In our earlier blog on Cancer and Food we discussed the role that specific types of food play in increasing (and decreasing) a person’s risk of developing cancer. We are discussing this because it is estimated that 30% of cancers can be prevented through changes in our lifestyle. In New Zealand this represents around 7000 fewer people a year having to go through the hell that is a cancer diagnosis and treatment. We concluded however that the relationship between cancer and food is less about the specific type of food we eat and much more about how fat it makes us.
It’s the FAT that really gets us
In our previous blog we described a very high quality European study which showed there was a clear relationship between the amount of processed meat people eat and their risk of dying from cancer. What this study also found was that those that consume the most meat, also ate the fewest fruit and vegetables and were more likely to smoke, while those who ate a lot of meat also drank a lot. These were the people at greatest increase in risk for Cardio Vascular Disease and Cancer.

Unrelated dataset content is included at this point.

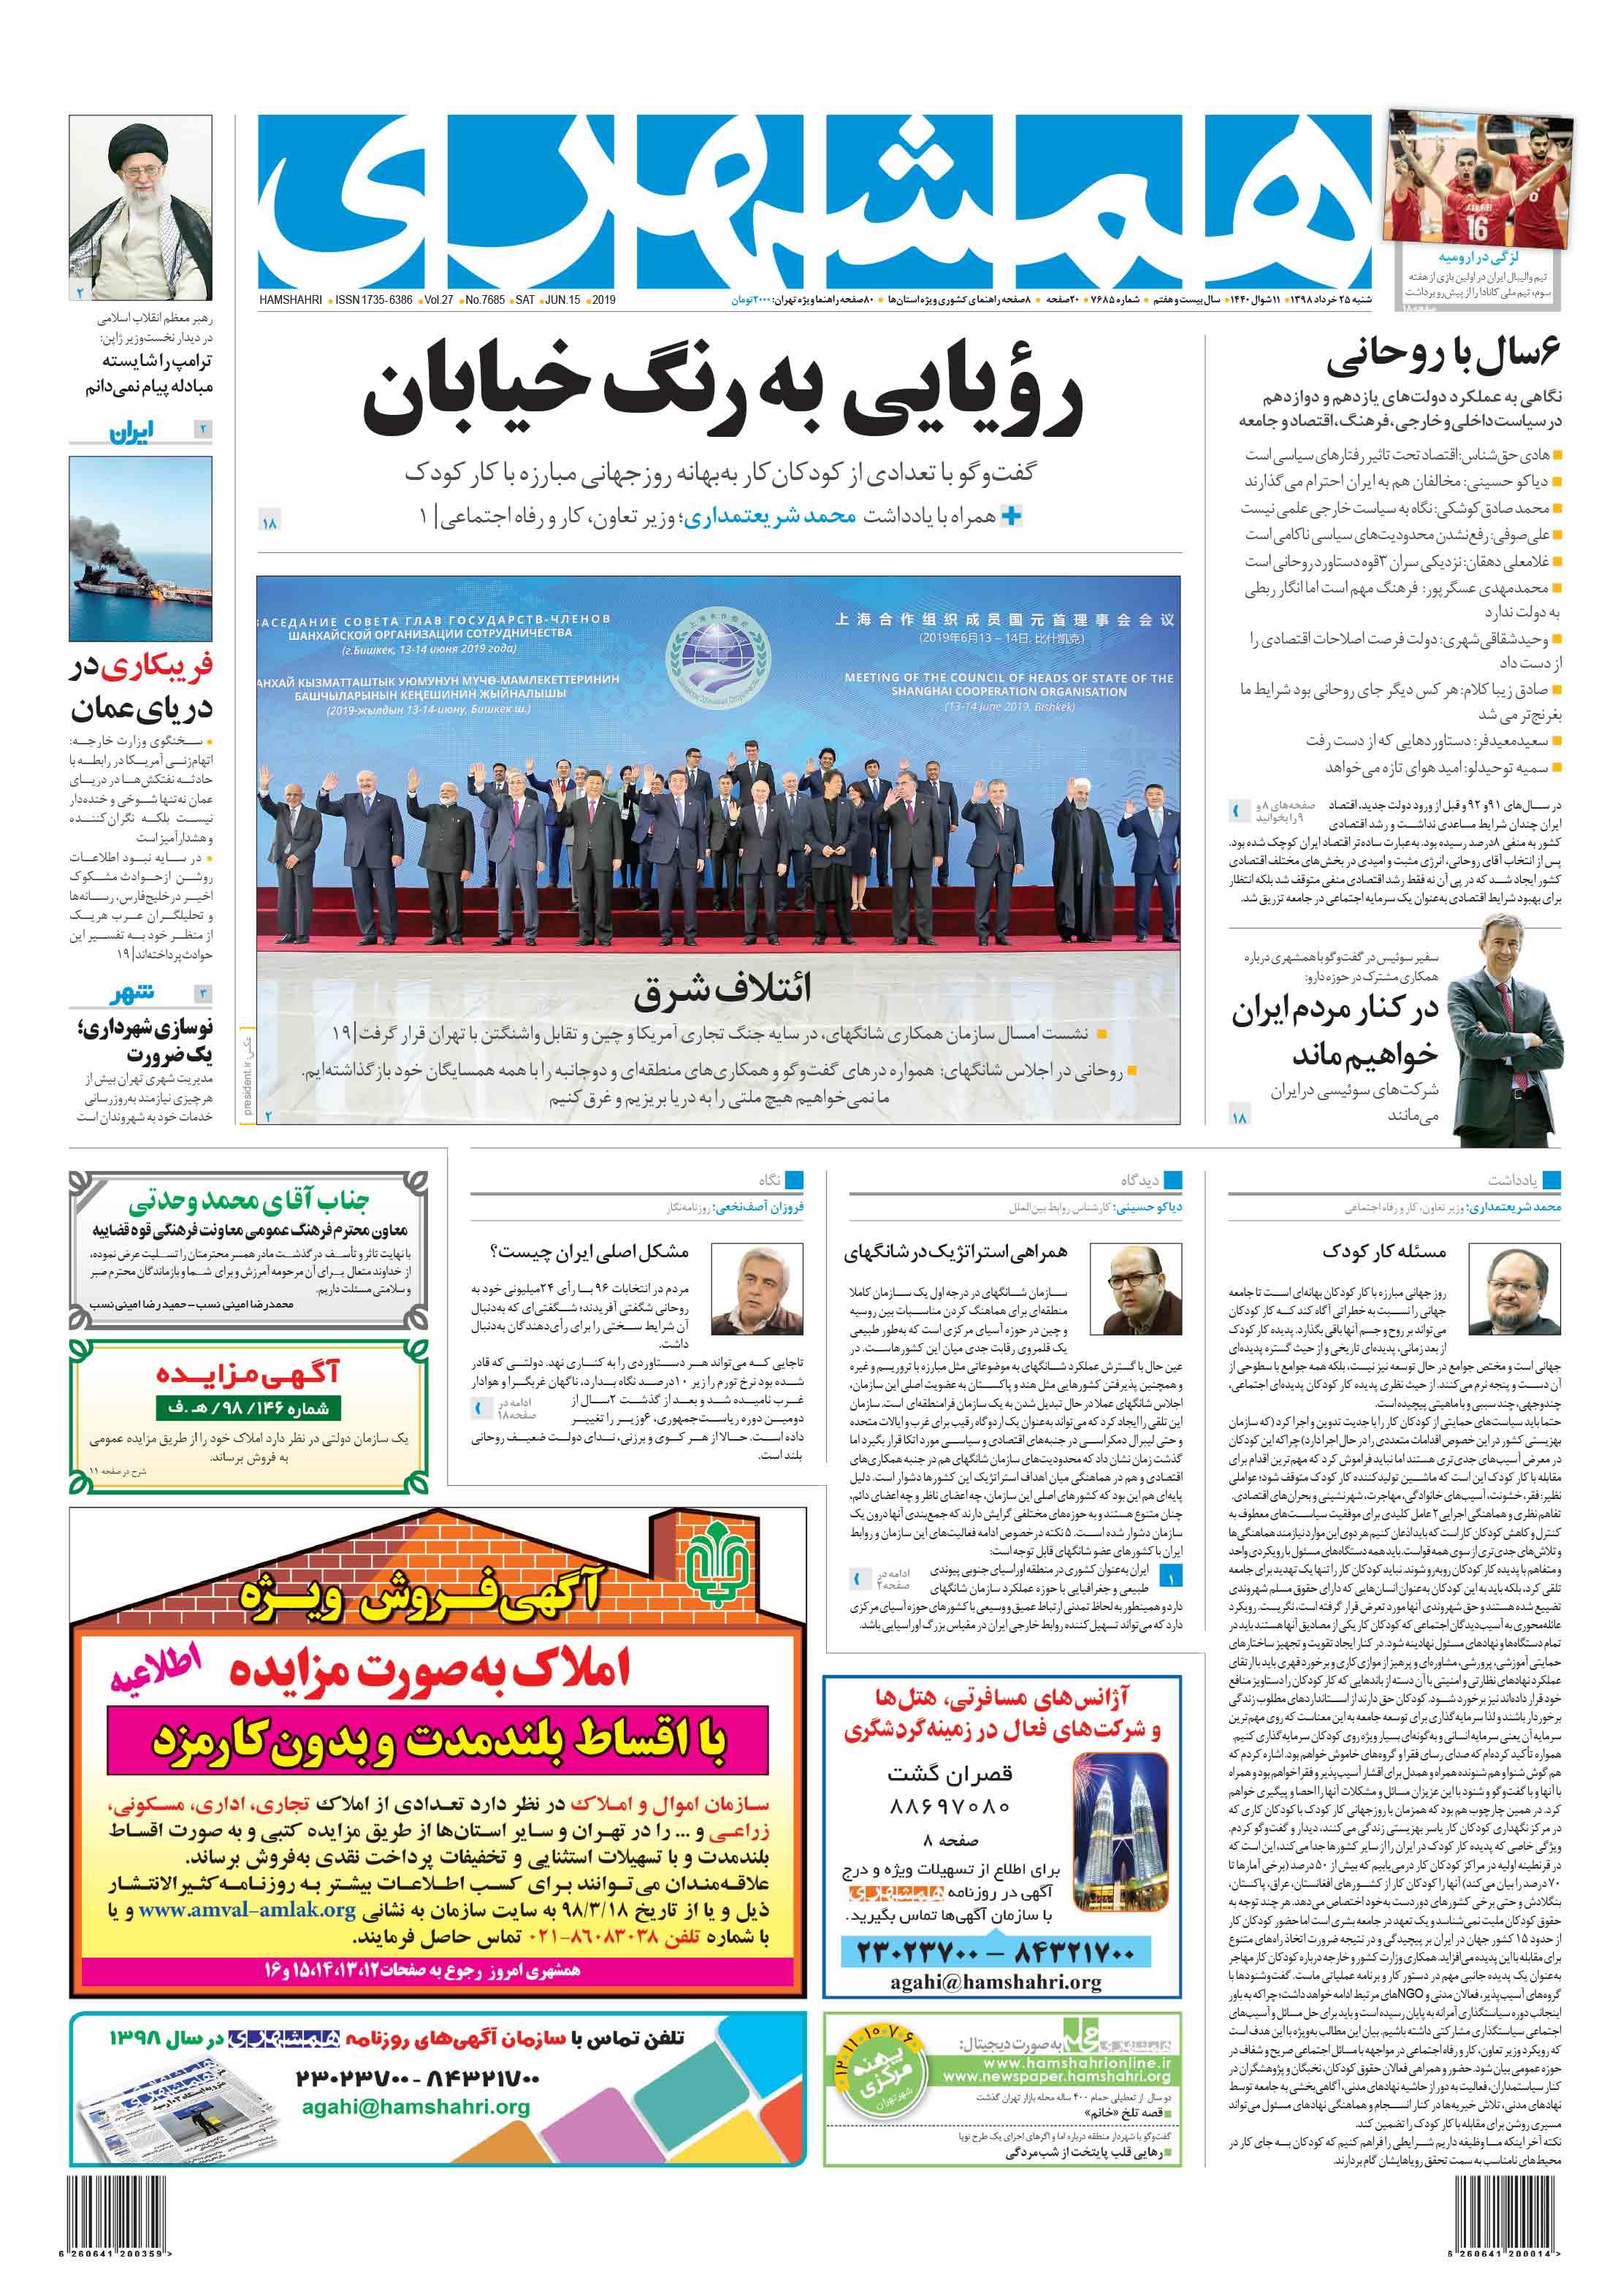 صفحه اول شنبه 25 خرداد 1398

What scientists are increasingly coming to understand is that those with greater body fat are at the greatest risk of developing many different types of cancer. What makes us fat? Eating foods high in fat, salt, sugar, drinking calorie dense alcoholic drinks frequently, not filling up with nutrient dense, high-fibre, low-calorie fruit and vegetables, and not moving and using our bodies.
There are a few different ways (that we currently understand) for increased body fat to increase our risk of cancer:
- Those who have too much body fat have elevated levels of hormones and growth factors (like insulin and leptin) and these can promote cancer cell growth
- Fat around people’s middles in particular increases the risk of colon and endometrial cancers through a specific process called hyperinsulinaemia
- In men, fatness is related to lower serum testosterone levels, which in turn may be associated with enhanced risk of or adverse outcome in advanced prostate cancer.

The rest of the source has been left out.